*** Data shown Section Begins ***
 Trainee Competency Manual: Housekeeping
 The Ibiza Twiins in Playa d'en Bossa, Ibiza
*** Data shown Section Ends ***
*** Data shown Section Begins ***
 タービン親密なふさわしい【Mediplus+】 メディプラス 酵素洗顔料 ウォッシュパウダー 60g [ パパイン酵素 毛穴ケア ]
*** Data shown Section Ends ***
## What the exercise asks
Everything in the material above from the line that has "Trainee Competency Manual: Housekeeping" through the line that has "The Ibiza Twiins in Playa d'en Bossa, Ibiza" must be duplicated exactly, with no other lines given.

## Exercise result
 Trainee Competency Manual: Housekeeping
 The Ibiza Twiins in Playa d'en Bossa, Ibiza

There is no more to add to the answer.